> **What is needed**:
What is needed is an exact retyping of each entry, pictures excluded.

··········

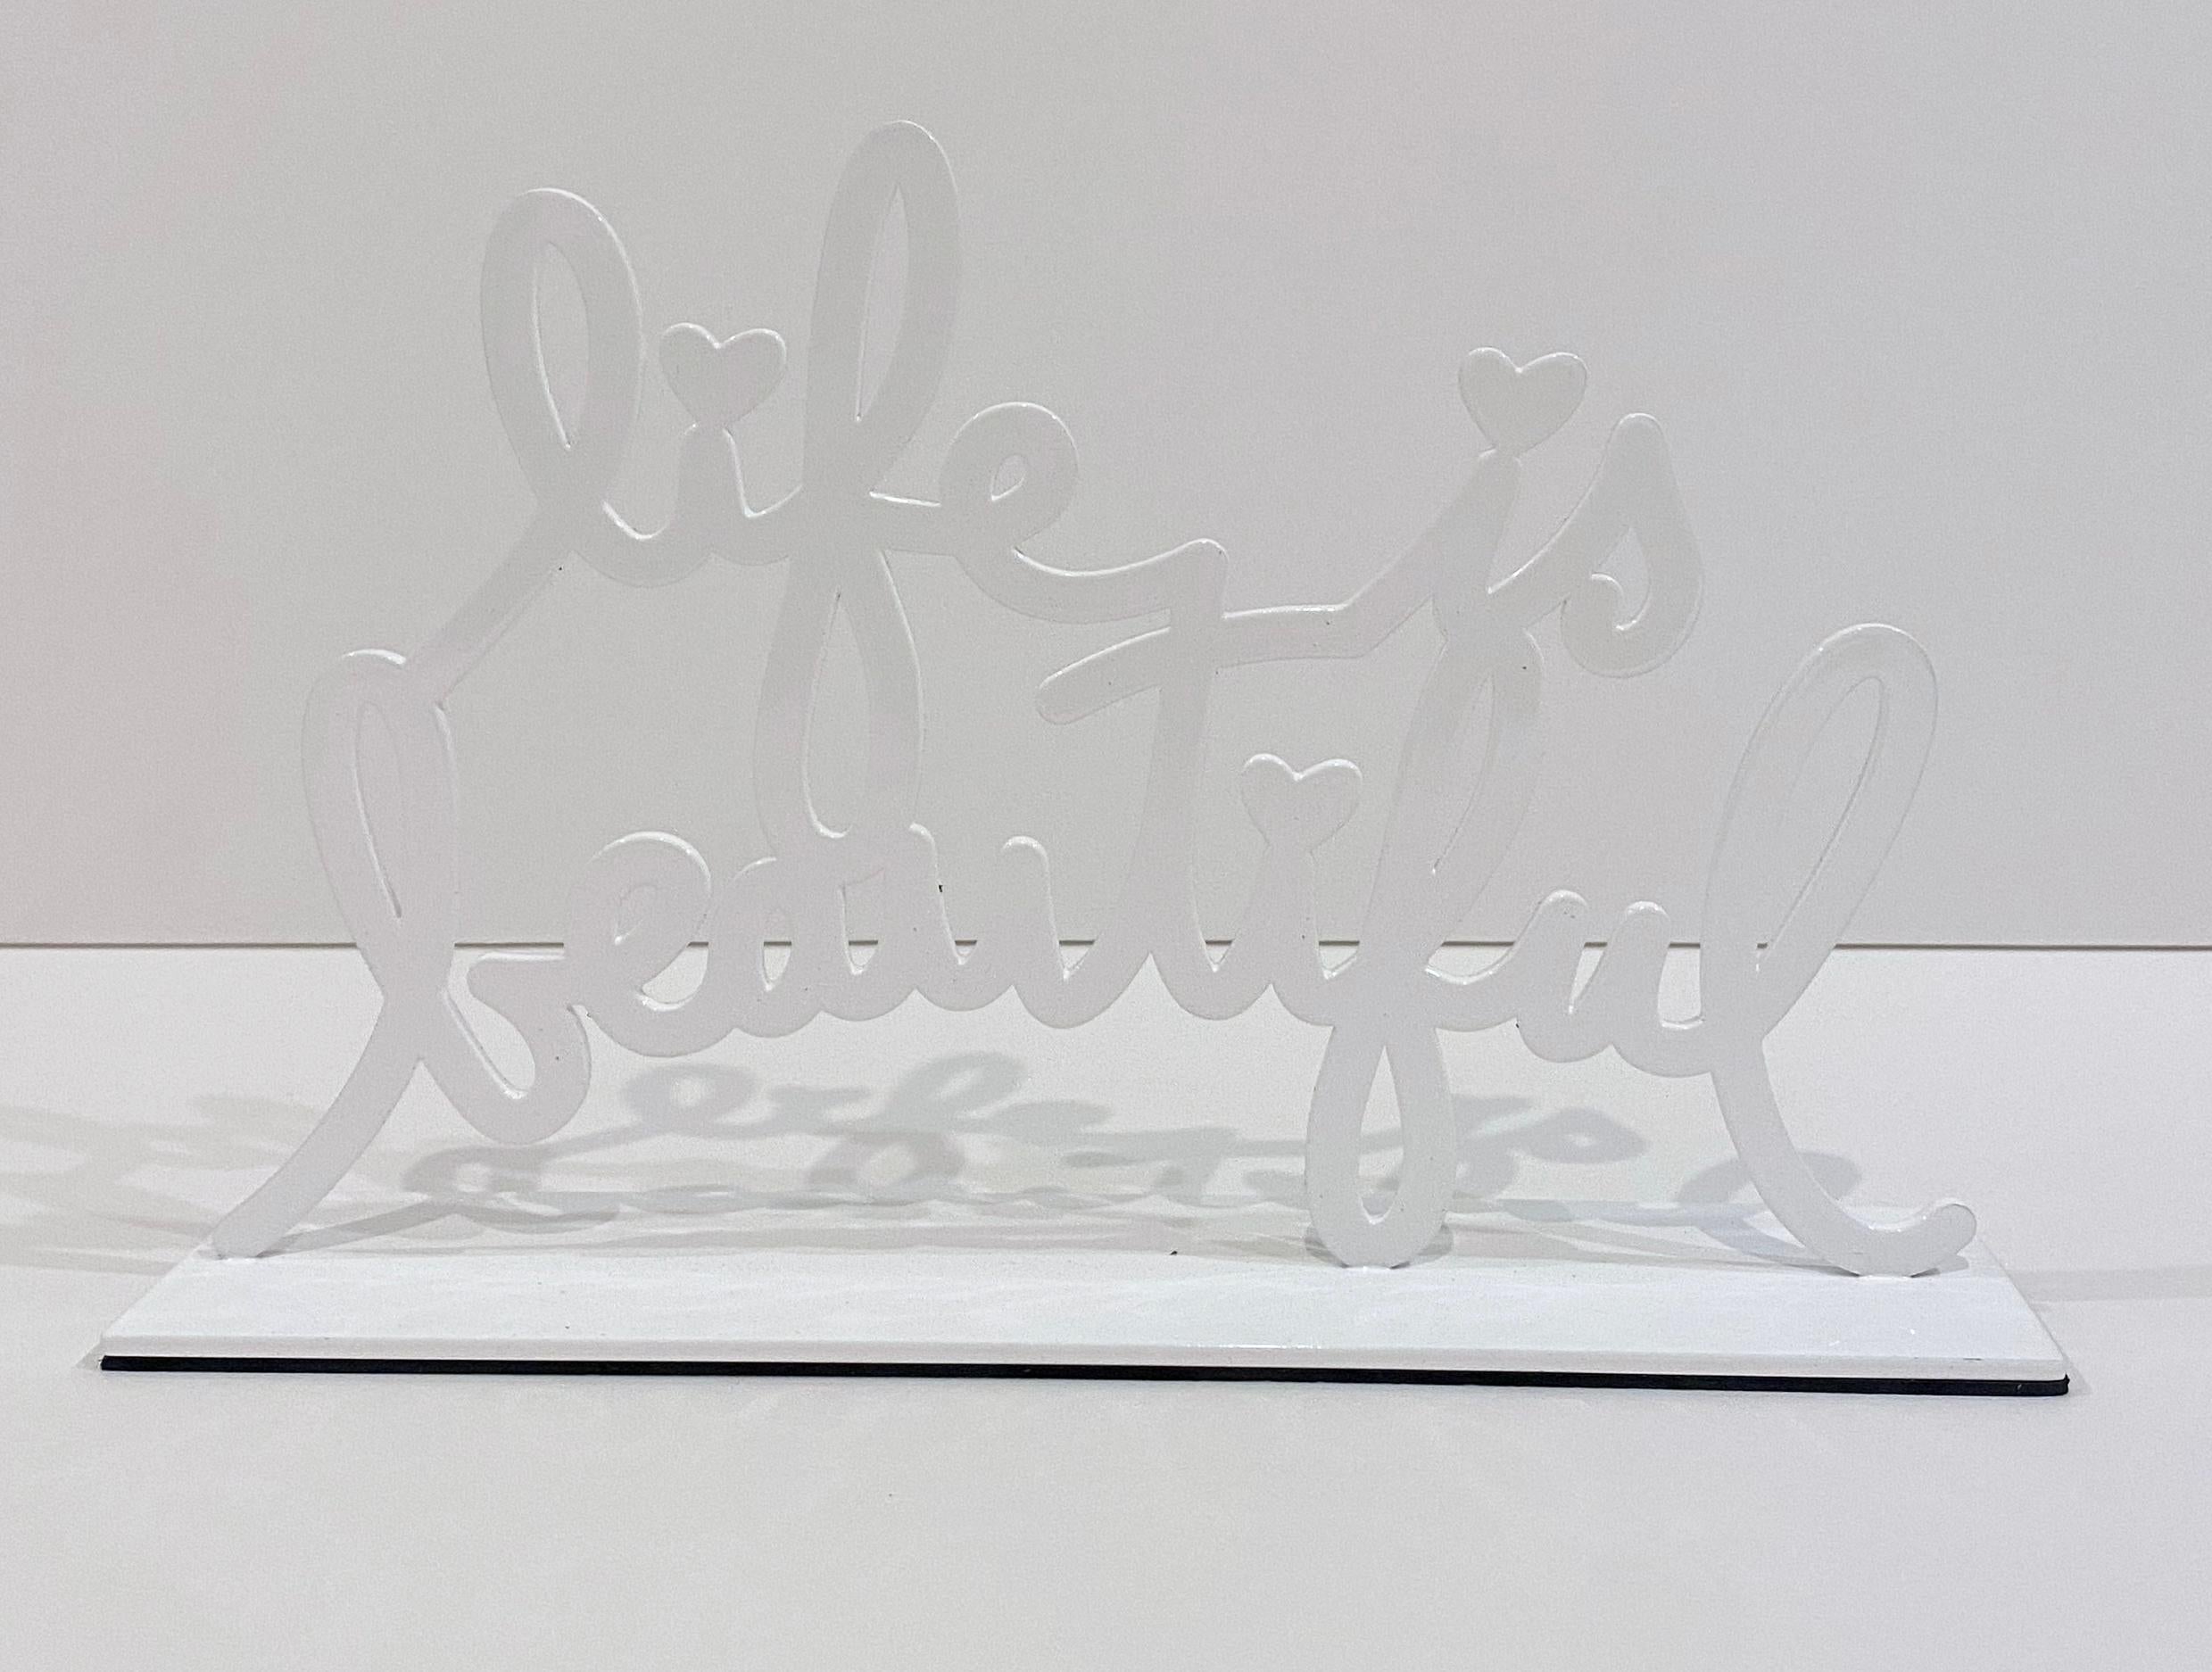 Mr. Brainwash Life is Beautiful Sculpture (White)
Artist: Mr. Brainwash
Medium: Coated metal sculpture
Title: Life is Beautiful (White)
Year: 2022
Edition: 18/50
Image Size: 7" x 10 1/2" x 2 1/2"
Signed: Hand signed, numbered, and dated in silver ink

··········

> **Response**:
 Mr. Brainwash Life is Beautiful Sculpture (White)
Artist: Mr. Brainwash
Medium: Coated metal sculpture
Title: Life is Beautiful (White)
Year: 2022
Edition: 18/50
Image Size: 7" x 10 1/2" x 2 1/2"
Signed: Hand signed, numbered, and dated in silver ink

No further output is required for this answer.